Шесть ночей на Акрополе - страница 10
Он схватил конверт и скатился вниз по лестнице.
Как редко раздается телефонный звонок в Афинах. Сегодня я подумал об этом.
Вечером того же дня Стратис торопливо возвратился домой и вошел в свою комнату. Там он стал на стул и начал рыться в книгах, листая их подряд одну за другой. Когда книги кончились, он вытащил из стола два ящика и вывалил их содержимое на кровать — тетради, фотографии, разного рода бумаги. Многие из них он разорвал. На какое-то мгновение задержался над одной из фотографий. Затем снова обрел внутреннее равновесие и бросил все, как было, обратно в ящики. Результатом этого поиска явился десяток крохотных листов, почерневших от карандаша. Он прочел их и разложил перед собой на столе, словно карты. Затем он написал:
Воскресенье, вечер
Итак, пришла Саломея. Вот наше прошлое. Оно легкое:
«Июль прошлого года, Кефисия.[38] Было около половины третьего пополудни. Стояла жара. Автобус, совершенная развалина, казалось, не имел ни одной рессоры, сиденья были узкие, колени болели. Я был едва ли не единственным пассажиром. Кроме меня, был еще какой-то мужчина средних лет, очень загорелый, с лихорадочным огнем в глазах, который казался скорее деталью транспортного средства, чем созданием Божьим. Шофер за рулем напоминал человека, перегнувшегося за борт из-за морской болезни. Иногда он поднимал лицо, на котором было начертано неисчерпаемое терпение. Мы катились, словно сами того не желая, подпрыгивая на выбоинах, издавая звон пустых бидонов и разбиваемого стекла. Эта расшатанная клетка была настолько пустой, порожней и больной, что мало-помалу мне стало казаться, будто я плыву на том самом ужасном корабле, который повстречался Артуру Гордону Пиму.[39]
Мы ехали. Казалось, никого больше нам и не было нужно, когда на остановке в Халандри[40] вошла женщина, которую Нондас представил мне на тротуаре у Музея, — Саломея. Ее подстриженные волосы были теплых тонов, напоминавших рыжеватый каштан.

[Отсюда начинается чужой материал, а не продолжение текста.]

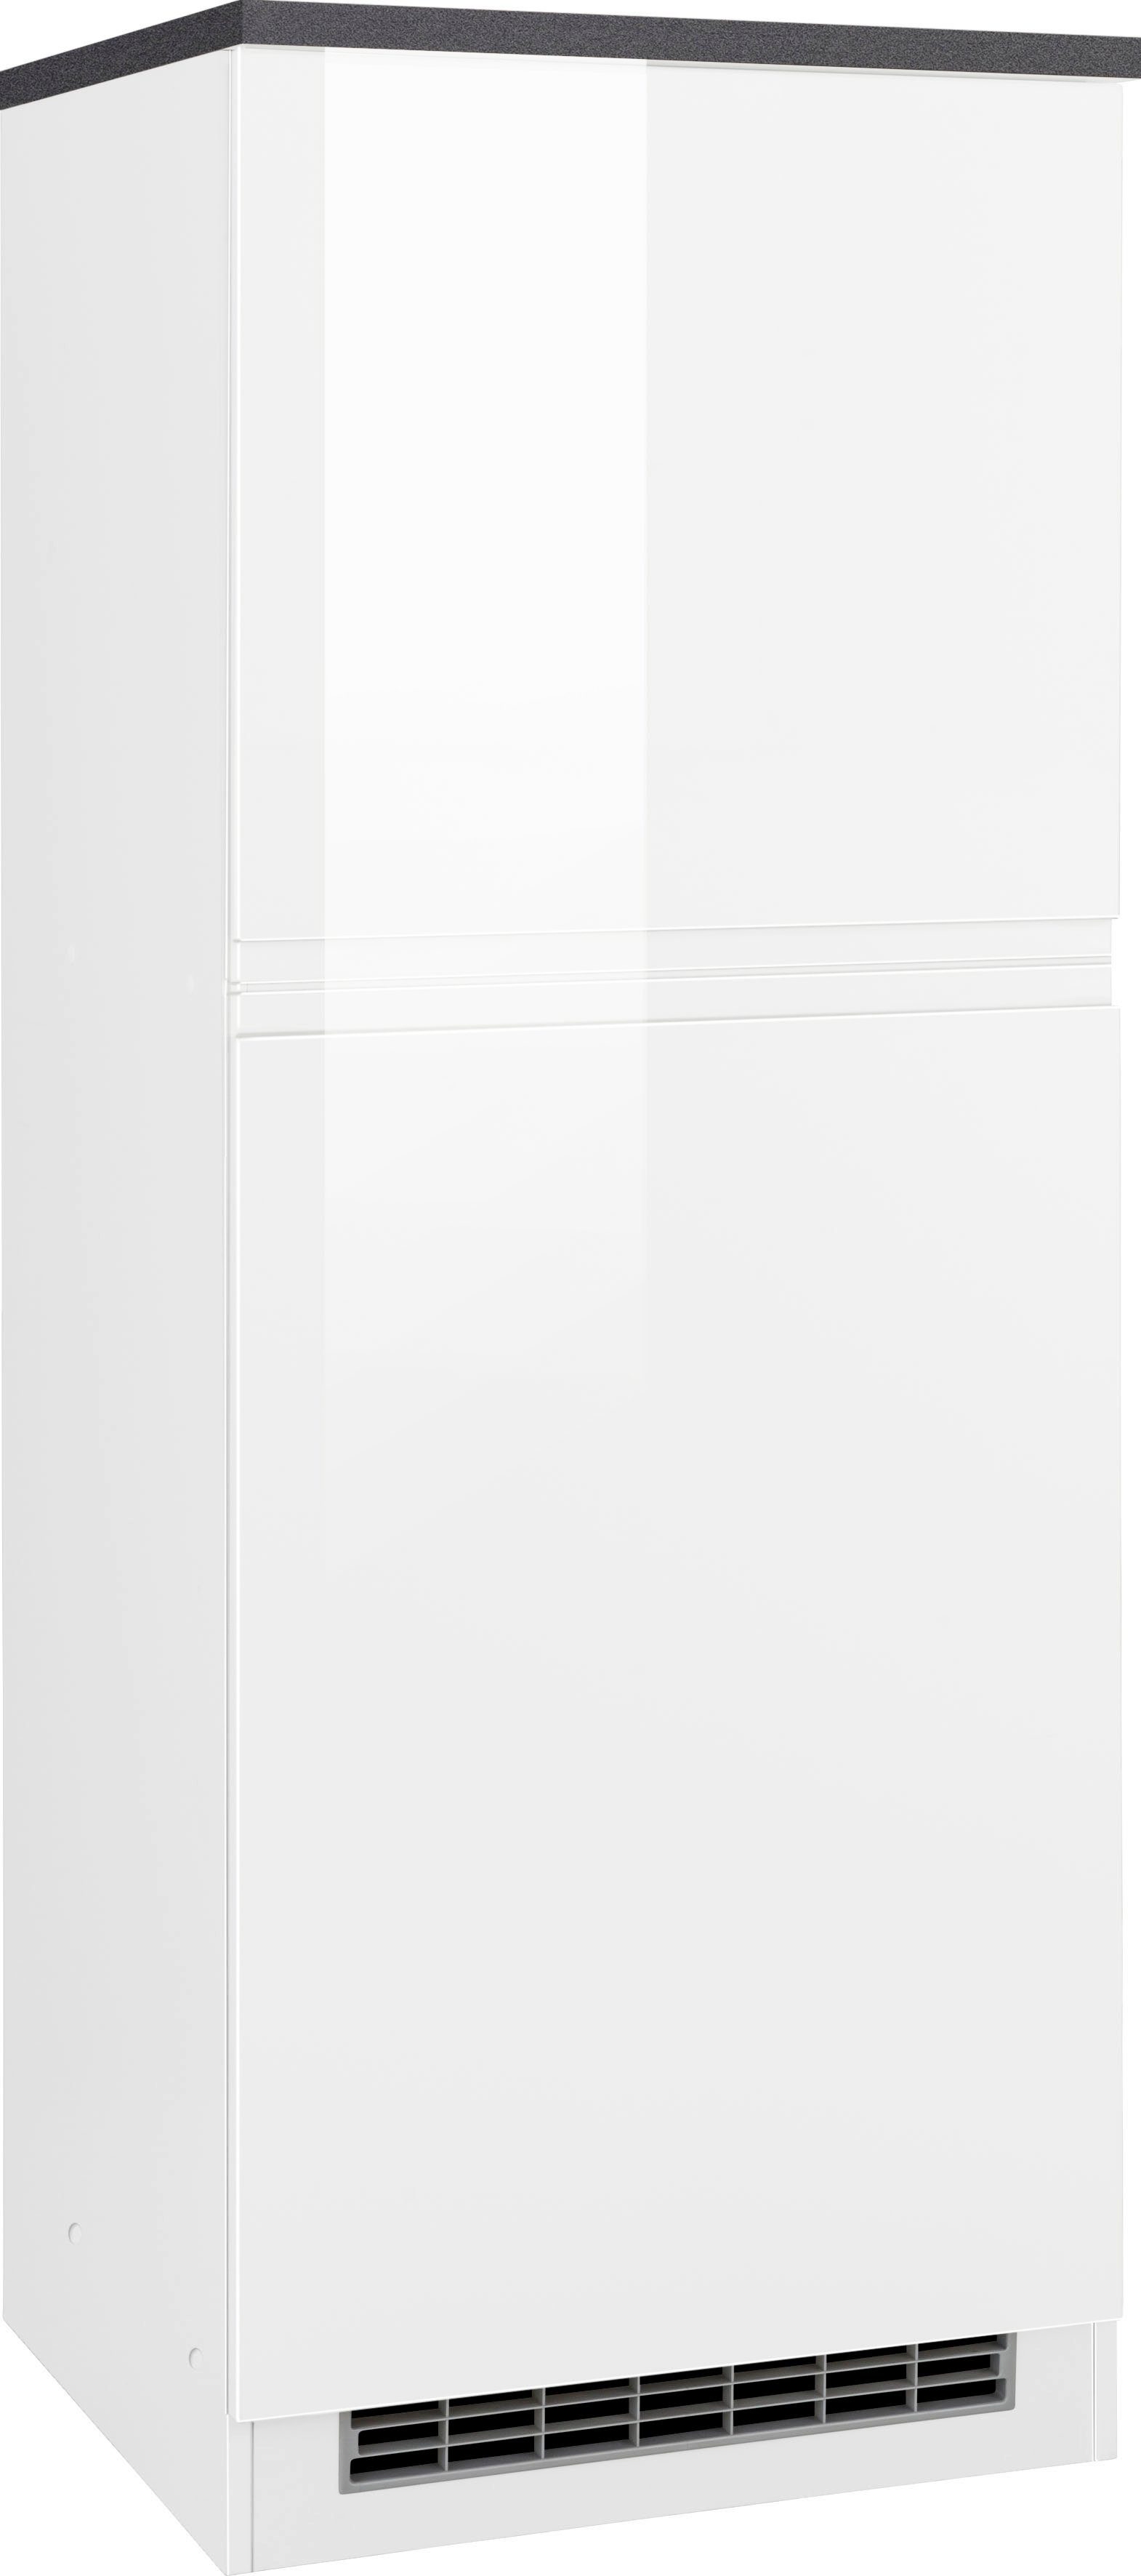 HELD MÖBEL Kühlumbauschrank Virginia 165 cm hoch, 60 cm breit, Nische für Kühlschrank: 56/88/55 cm, 2 Türen weiß Hochglanz/anthrazit | weiß

Словно глядя из окна на что-то, оставшееся позади, она повернулась и посмотрела на меня. Я поздоровался. Она улыбнулась с выражением горького наслаждения. Я пытался вспомнить ее фамилию, и в ту самую минуту легковой автомобиль с адским шумом, призывавшим пропустить его, обогнал нас. Он был новый, эластичный, чувствительный, с блестящей никелевой поверхностью. Внутри него сидела очень элегантная дама. В то мгновение, когда автомобиль обгонял нас, водитель, несмотря на то, что был в форме, невзирая на элегантную даму и марку автомобиля, высунул из окна руку и сделал нам грубый, красноречивый жест.
Я испытал чувство невыразимо жалкого состояния и засмеялся. Саломея повернулась ко мне и сказала:
— Так нам и надо. Не правда ли?
— Да, — ответил я. — В это время в Аттике все дозволено.
— Дозволено?
— Бесстыжее время.
— Вы живете в Кефисии?
— Да. А Вы — в Халандри?
— И я в Кефисии.
Она вышла на Синтагме.
— Может быть, еще увидимся, — сказала она, выходя.
На улице Стадиу на убогих военных похоронах играл оркестр. Музыка состояла из всплесков фальшивых звуков и была слишком медленна. Сидевший рядом с катафалком служащий похоронного бюро, совершенно лысый, неизвестно зачем упорно грыз себе большой палец. У гроба шел мальчик, держа в руках гитару с разорванными струнами. Казалось, будто его побили. А может быть, он и не имел отношения к похоронам.
У мраморной лестницы парка на Синтагме я снова встретил Саломею. Она шла со стороны проспекта Амалиас вместе с девушкой-блондинкой — с прекрасной фигурой, одетой со вкусом, в цвете юности. Увидав меня, она сказала что-то своей спутнице, и обе они засмеялись. Теперь она показалась мне значительно более хрупкой, чем в автобусе, хотя была в том же платье.
Август прошлого года, Кефисия. Вчера у Аспергиса. Нондас, Клис и Саломея. Я просидел с ними около часа. Она не проронила ни слова. Иногда посматривала по сторонам. Иногда, словно вспомнив, что рядом были и другие, улыбалась. Только когда мы уже собрались расходиться по домам, она оказалась на мгновение рядом и спросила:
— Помните тот грубый жест, который мы с Вами разделили?
— Разве такое забудешь? — ответил я. — Если бы тот день был почтовой маркой, она стоила бы несколько миллионов.